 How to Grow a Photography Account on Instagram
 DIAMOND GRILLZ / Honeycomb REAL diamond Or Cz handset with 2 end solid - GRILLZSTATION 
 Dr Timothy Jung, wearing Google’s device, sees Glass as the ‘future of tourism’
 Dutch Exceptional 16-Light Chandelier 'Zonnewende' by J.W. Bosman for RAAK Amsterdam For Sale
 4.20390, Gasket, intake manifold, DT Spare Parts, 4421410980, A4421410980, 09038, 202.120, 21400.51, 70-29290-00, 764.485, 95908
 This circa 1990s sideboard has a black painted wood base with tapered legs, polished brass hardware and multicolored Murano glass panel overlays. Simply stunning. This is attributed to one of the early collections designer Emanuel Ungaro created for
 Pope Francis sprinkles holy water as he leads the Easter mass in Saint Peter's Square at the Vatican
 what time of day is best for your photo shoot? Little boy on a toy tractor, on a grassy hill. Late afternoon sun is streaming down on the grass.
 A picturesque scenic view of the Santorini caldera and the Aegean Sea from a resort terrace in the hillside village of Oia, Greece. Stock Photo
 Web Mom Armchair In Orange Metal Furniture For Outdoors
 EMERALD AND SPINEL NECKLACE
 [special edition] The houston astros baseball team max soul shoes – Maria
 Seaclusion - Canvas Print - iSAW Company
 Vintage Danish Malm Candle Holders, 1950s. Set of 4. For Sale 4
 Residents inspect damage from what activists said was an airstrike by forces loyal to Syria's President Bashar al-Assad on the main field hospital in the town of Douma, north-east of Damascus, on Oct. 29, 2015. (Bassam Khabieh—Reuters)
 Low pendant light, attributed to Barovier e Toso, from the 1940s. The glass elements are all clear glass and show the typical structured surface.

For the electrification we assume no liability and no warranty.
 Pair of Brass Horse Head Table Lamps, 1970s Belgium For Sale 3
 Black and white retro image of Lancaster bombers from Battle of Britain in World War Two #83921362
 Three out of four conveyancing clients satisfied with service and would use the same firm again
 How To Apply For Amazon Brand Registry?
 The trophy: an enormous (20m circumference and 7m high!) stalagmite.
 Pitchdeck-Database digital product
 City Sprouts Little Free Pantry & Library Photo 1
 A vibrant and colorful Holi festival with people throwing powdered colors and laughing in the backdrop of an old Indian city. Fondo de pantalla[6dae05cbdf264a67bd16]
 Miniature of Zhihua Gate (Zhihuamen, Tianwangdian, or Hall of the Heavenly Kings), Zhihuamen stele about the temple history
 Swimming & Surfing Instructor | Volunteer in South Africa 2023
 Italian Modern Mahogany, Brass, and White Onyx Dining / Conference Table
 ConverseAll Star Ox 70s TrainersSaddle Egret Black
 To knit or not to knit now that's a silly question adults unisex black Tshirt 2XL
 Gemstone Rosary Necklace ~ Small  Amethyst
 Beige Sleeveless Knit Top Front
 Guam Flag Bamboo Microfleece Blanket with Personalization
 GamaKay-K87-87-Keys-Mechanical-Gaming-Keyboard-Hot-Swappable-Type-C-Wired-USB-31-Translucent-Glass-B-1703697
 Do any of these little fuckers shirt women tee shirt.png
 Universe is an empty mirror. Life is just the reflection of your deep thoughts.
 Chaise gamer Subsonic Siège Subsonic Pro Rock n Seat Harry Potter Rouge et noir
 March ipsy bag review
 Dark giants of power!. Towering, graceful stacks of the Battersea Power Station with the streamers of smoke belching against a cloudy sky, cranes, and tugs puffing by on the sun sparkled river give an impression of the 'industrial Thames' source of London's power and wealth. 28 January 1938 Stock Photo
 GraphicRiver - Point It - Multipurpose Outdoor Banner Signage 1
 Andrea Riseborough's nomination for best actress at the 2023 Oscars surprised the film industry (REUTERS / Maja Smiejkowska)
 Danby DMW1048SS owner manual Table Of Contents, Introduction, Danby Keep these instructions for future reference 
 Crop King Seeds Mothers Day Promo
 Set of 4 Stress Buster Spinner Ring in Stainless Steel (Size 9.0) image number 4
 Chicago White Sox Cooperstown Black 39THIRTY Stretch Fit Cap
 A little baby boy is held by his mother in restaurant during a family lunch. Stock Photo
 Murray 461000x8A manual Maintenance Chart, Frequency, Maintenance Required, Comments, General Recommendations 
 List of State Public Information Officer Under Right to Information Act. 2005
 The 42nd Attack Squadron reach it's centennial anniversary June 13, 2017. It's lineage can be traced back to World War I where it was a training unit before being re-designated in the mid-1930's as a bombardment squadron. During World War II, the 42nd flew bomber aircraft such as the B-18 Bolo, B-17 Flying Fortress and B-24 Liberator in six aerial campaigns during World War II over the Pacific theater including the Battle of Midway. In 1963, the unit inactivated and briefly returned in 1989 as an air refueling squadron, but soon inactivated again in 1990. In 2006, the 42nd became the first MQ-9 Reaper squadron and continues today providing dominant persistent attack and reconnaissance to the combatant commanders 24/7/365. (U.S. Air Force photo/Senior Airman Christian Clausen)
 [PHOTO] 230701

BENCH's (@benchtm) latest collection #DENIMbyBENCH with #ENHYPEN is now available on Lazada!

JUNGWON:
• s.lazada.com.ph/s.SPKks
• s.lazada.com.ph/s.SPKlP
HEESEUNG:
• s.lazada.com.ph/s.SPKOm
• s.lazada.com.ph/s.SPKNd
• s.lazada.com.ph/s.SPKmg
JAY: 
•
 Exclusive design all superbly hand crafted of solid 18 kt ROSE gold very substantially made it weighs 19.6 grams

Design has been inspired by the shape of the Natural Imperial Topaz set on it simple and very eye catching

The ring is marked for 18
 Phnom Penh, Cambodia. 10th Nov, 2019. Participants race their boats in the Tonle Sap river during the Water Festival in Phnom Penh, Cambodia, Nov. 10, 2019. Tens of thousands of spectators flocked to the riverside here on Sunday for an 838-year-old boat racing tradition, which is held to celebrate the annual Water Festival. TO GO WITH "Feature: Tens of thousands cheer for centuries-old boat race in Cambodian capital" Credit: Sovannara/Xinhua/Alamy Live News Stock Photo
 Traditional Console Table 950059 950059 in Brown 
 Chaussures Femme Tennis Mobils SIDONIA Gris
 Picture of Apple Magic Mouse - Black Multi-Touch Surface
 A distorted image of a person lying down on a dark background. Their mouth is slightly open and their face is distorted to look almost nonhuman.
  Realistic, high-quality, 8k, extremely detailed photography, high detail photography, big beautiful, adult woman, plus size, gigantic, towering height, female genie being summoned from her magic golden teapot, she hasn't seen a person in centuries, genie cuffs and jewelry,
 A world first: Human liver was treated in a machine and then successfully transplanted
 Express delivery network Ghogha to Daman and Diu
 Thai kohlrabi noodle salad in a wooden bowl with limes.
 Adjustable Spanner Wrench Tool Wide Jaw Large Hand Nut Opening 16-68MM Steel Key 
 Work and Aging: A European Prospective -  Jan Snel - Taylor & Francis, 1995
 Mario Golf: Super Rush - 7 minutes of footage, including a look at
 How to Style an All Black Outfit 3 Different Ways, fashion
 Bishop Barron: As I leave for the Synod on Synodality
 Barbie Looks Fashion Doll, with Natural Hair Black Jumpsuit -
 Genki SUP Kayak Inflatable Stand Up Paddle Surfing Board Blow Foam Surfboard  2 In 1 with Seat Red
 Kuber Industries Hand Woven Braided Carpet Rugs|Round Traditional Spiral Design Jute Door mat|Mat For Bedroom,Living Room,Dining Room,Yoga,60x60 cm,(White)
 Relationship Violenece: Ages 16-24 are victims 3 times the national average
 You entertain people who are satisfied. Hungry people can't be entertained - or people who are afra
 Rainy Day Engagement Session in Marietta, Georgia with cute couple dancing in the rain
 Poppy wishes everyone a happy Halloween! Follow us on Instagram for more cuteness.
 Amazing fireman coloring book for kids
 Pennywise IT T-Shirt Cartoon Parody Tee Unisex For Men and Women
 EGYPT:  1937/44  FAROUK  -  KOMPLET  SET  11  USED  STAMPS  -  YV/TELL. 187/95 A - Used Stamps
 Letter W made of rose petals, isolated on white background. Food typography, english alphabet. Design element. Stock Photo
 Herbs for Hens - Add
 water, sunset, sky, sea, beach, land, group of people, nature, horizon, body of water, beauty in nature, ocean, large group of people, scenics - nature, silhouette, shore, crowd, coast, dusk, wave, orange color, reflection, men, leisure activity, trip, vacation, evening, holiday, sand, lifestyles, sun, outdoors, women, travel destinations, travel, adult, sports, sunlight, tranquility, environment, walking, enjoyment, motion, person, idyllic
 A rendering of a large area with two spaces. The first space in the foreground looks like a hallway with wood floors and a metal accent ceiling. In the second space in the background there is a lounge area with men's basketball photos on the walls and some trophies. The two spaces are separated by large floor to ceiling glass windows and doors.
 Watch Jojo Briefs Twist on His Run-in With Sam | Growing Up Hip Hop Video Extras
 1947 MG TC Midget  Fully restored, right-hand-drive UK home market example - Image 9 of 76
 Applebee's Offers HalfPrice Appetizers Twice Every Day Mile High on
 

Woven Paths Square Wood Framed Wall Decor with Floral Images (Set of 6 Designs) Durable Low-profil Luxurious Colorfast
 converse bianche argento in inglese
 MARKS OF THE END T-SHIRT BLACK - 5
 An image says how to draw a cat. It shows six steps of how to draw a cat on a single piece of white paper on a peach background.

========================================

- What the exercise asks
For the material above, reproduce exactly the lines from the line with "Picture of Apple" to the line with "Realistic, high-quality, 8k, extremely", inclusive, and exclude all others.

- Expected output
 Picture of Apple Magic Mouse - Black Multi-Touch Surface
 A distorted image of a person lying down on a dark background. Their mouth is slightly open and their face is distorted to look almost nonhuman.
  Realistic, high-quality, 8k, extremely detailed photography, high detail photography, big beautiful, adult woman, plus size, gigantic, towering height, female genie being summoned from her magic golden teapot, she hasn't seen a person in centuries, genie cuffs and jewelry,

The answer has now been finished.